How do we fund sabbaticals? Sabbatical support can come from many sources. We draw a salary during sabbatical, but it is reduced by a percentage according to the number of terms of the sabbatical. As a visiting professor, a faculty member can get housing, access to a vehicle, a stipend and other support, such as overhead (e.g. an office or clerical support) for their research and writing work while teaching at the partner institution. Many of the respondents used personal savings to enable their sabbatical. A few survey respondents received grants from other sources or stipends from their partner institution.

PSU Senior Instructor Maureen O’Connor in India.

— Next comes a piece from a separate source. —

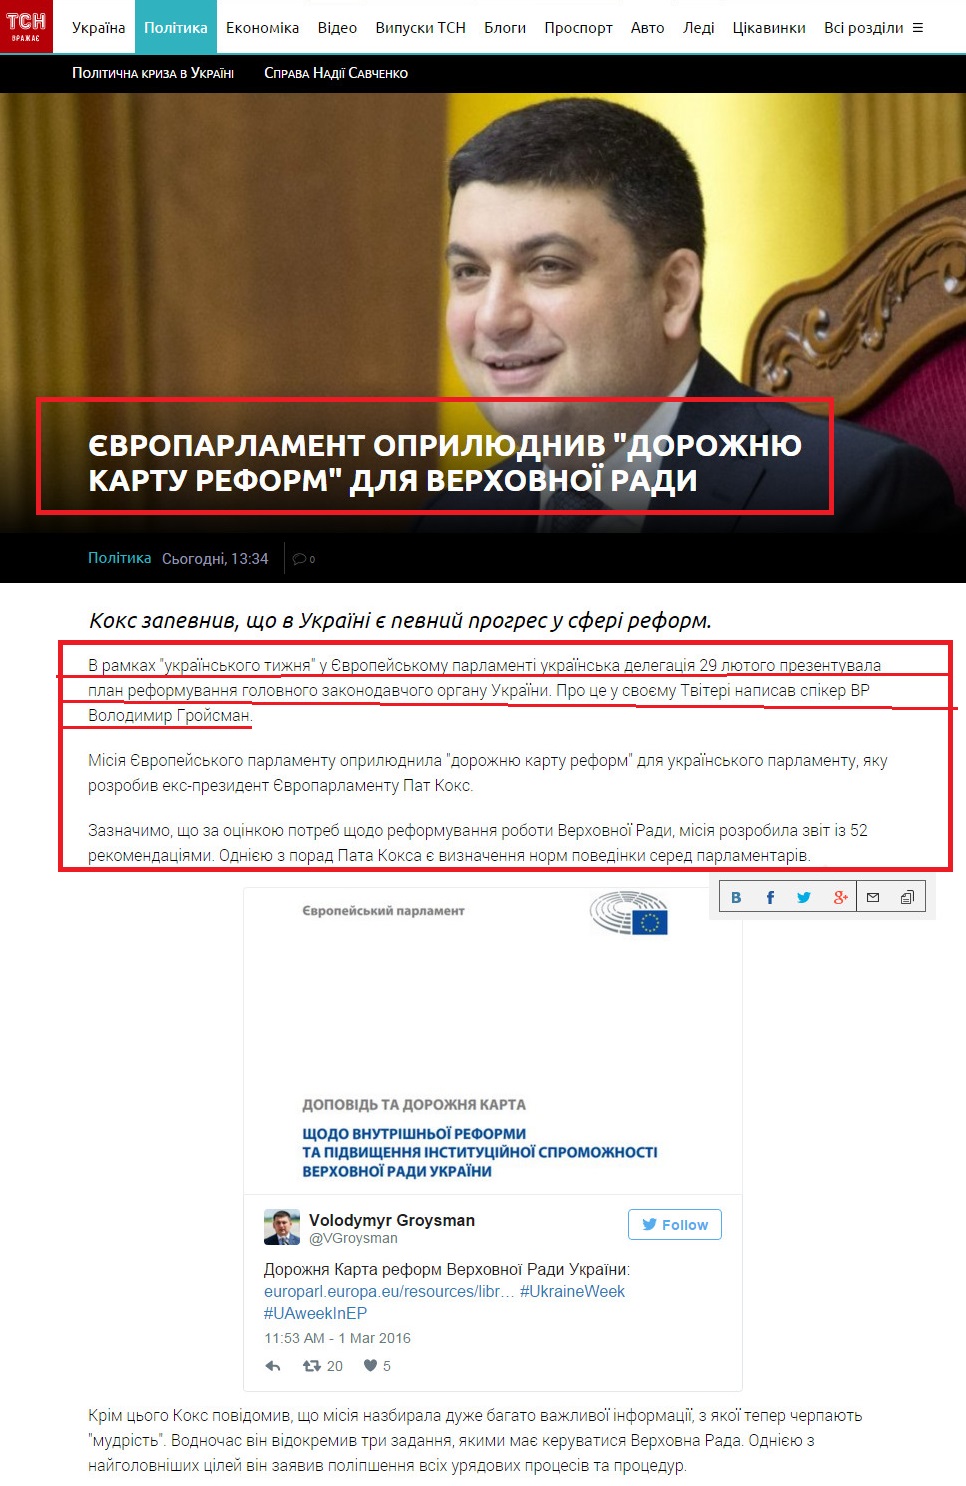 http://tsn.ua/politika/yevroparlament-oprilyudniv-dorozhnyu-kartu-reform-dlya-verhovnoyi-radi-601723.html

If you’re a stakeholder in this community, it might interest you to know how these sabbaticals benefit The School of Business. I asked that question in my survey and learned the following: half of the respondents expect a publishable paper in a peer-reviewed journal (our gold standard) from the experience. A third anticipate a paper in a publication not under peer review, such as a book, book chapter or conference paper. Most respondents (83%) feel their sabbatical learning will translate directly to new lectures, course material or teaching and learning benefits. One respondent will offer a new international course to our students as a result of her sabbatical. I have started to use what I’ve learned in some of the courses I teach, and am working on a paper for publication on equanimity and business ethics. A paper I’ve written from this experience was just accepted to a conference panel proposal on “skills required for a volatile future” to a conference at MIT in June.

Most survey respondents also mentioned that the restorative nature of pursuing professional and personal knowledge enables them to build substantial capacity, which they can leverage upon their return. I have personally found this to be very true.  Some may have encountered the classic systems thinking article from Repenning and Sterman which I use in my Organizational Management course in The Portland MBA program. The authors’ position is that any organization must focus both on hard work and capability building. Sabbaticals offer a rare opportunity to build our capacity as scholars and teachers.

Enders and her husband with the Dalai Lama.

During the India leg of our travels, we had the honor of meeting with His Holiness the Dalai Lama. He shared with us his deep concern for the level of stress Americans experience. He knew I was a professor at Portland State University and he told me, “Please do what you can to reduce the stress of your students and colleagues.” I do not take that instruction lightly. We Westerners must learn that working harder at an ever-increasing pace is neither sustainable nor ultimately very productive in the long term.  You must build capacity first in order to execute at higher levels of performance.

This sabbatical offered capability building in such a way that I feel I can be more useful, more intentional and live much more authentically into my purpose and value here in the School of Business. I wish you that same opportunity for slowing down, growing and returning to your purpose.

Jeanne Enders

Jeanne Enders, PhD is a Social and Organizational Psychologist instructor in the School of Business at Portland State. She studied psychology and German literature as an undergraduate and completed her graduate degrees at the University of Chicago.  At Portland State, Enders has served as a faculty member, associate dean of undergraduate programs, and executive director of the School of Business online initiatives.